Way back by our table I could see Harriet and Charlie standing on chairs so they could get a better look at us. Every few seconds someone glided past us and purred “Tell me more.”

“I suppose this happens to you a lot,” I said.

“I don't go out a lot,” she said. “The only thing that happens to me is the neighborhood hand laundry asks for an autographed picture, to put up beside the sign that says ‘Not responsible for articles of clothing left after thirty days.' ”

“If you don't go out a lot, what do you do a lot?”

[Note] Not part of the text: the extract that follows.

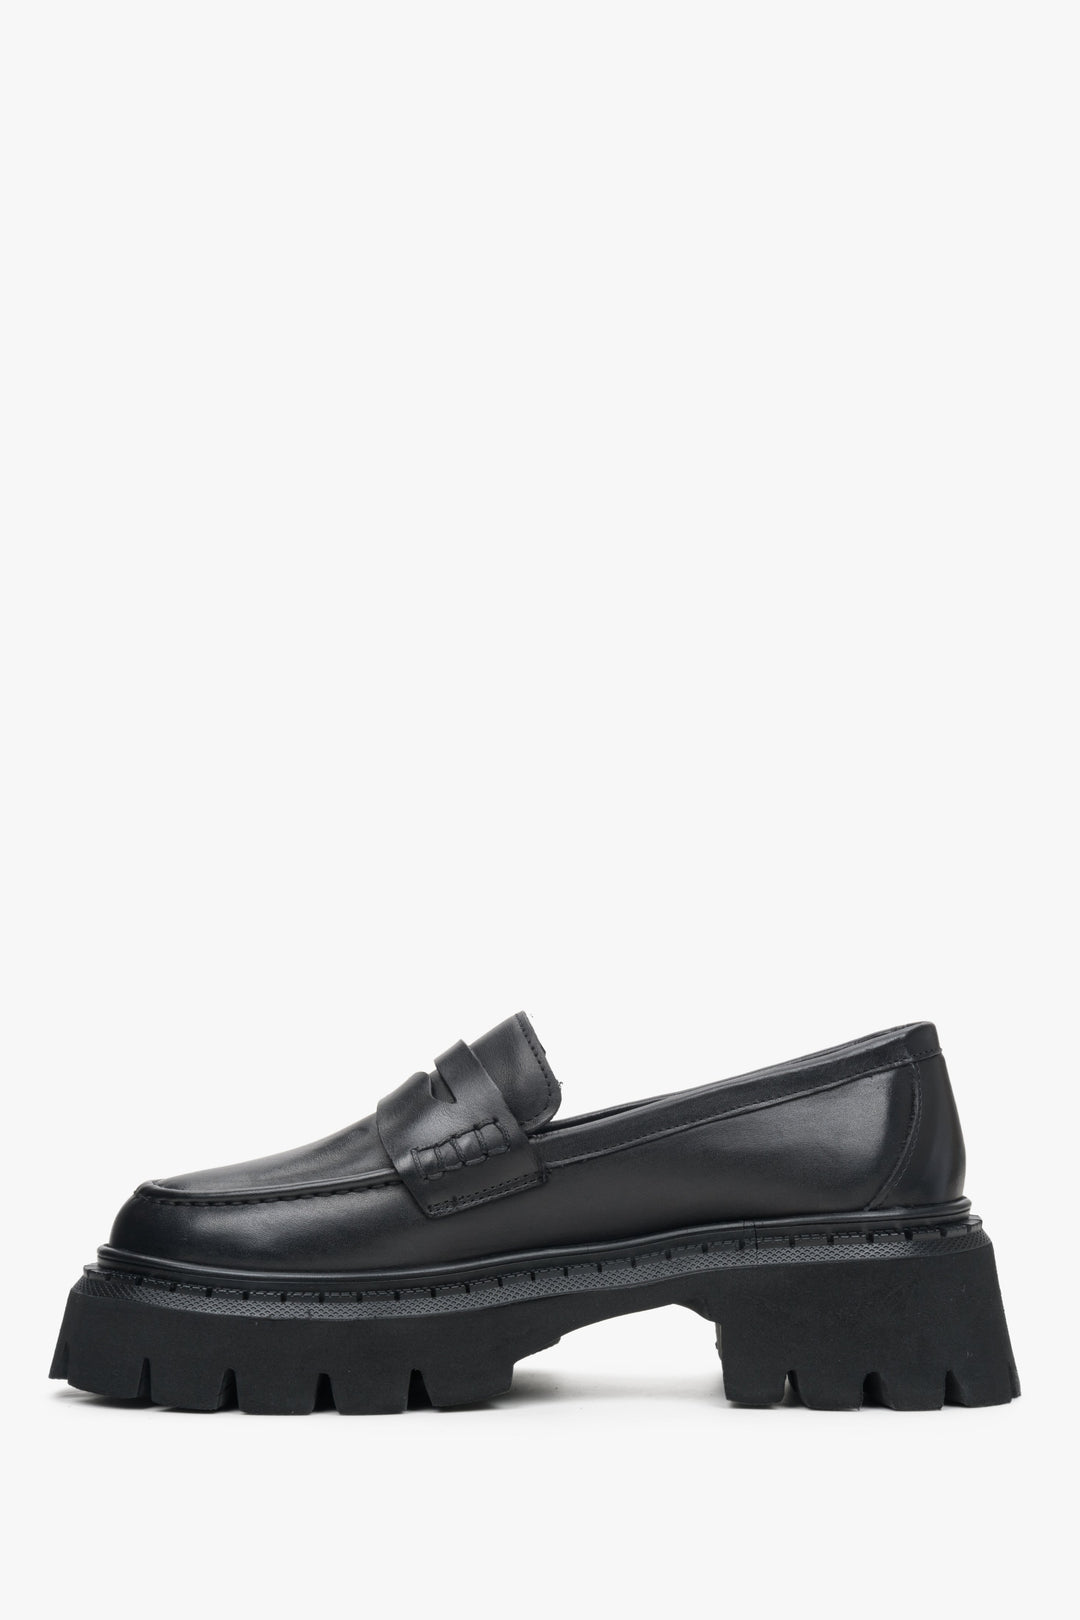 Women's black loafers with a wide black sole - profile.

“Work,” she said. “I work a lot.”

Duffo Buttman, one of the Seaville High quarterbacks, stopped us so he could get Sabra's autograph on his lobster bib. “Just say ‘To remember a dynamite evening,' ” he said, handing her a Pentel.

After she signed the bib for him, she asked me, “What do you do a lot?”

“I go to school a lot.”

“College?”

“First grade,” I said.

“I just finished high school,” she said. “I don't know if I'm going to take any college courses or not. What are you going to do when you get out of first grade?”

Myra Tuttle and Louise Rand appeared with paper napkins and a ball-point pen. “Just say ‘Loved seeing you,' ” Myra said.

Louise said, “You can say something like ‘Good luck, Louise.' ”

I stood there grateful that they'd come along and interrupted the conversation. I knew where the conversation was
leading. It was leading right toward BEAMS.

My father is a Son of Beams. He has a black-and-white cap up in our attic with SONBEAM stitched across it. Everyone in my father's family for generations has gone to BEAMS. BEAMS is the reason my Uncle Albert ran off to join the Navy, age seventeen.

Albert is my father's older brother. He went from the Navy to working as an apprentice printer, to teaching dancing at Arthur Murray, to managing a McDonald's, to teaching canoe at a boy's camp in the Adirondacks, to exterminating rats in Chicago, to playing at a roadhouse and living in a trailer camp. My mother calls him The Flop of the Two Families, and Uncle Albert signs all his postcards and letters “No regrets, Albert.”

“Everybody makes jokes about BEAMS”—my father had variations on the same remarks five or six times a year—“but I'll bet Albert would give his right arm to be able to do it all over again and go to BEAMS.”

“I doubt that Albert could do it all over again without his right arm,” I said.

“Don't
always
wisecrack, Wallace,” said my father. “I enjoy a good joke or two myself about the profession. Why when we get together at conventions, you should hear the kidding around that goes on. We have picnics with Casket Casseroles and all that sort of thing. But I'm trying to tell you where Albert made his mistake.”

“He always signs his mail ‘No regrets,' ” I'd point out. “It doesn't sound like he thinks he made a mistake.”

“People who have no regrets don't have to sign things ‘No regrets,' ” said my father. “Do I sign things ‘Happily married and settled down?' I know what Albert's life is
like. No security. Living in a trailer camp with the kind of people who live in trailer camps. Albert's been all the way around the world and he ends up playing ‘Blue Moon' in a roadhouse and calling a trailer home. Do you know why?”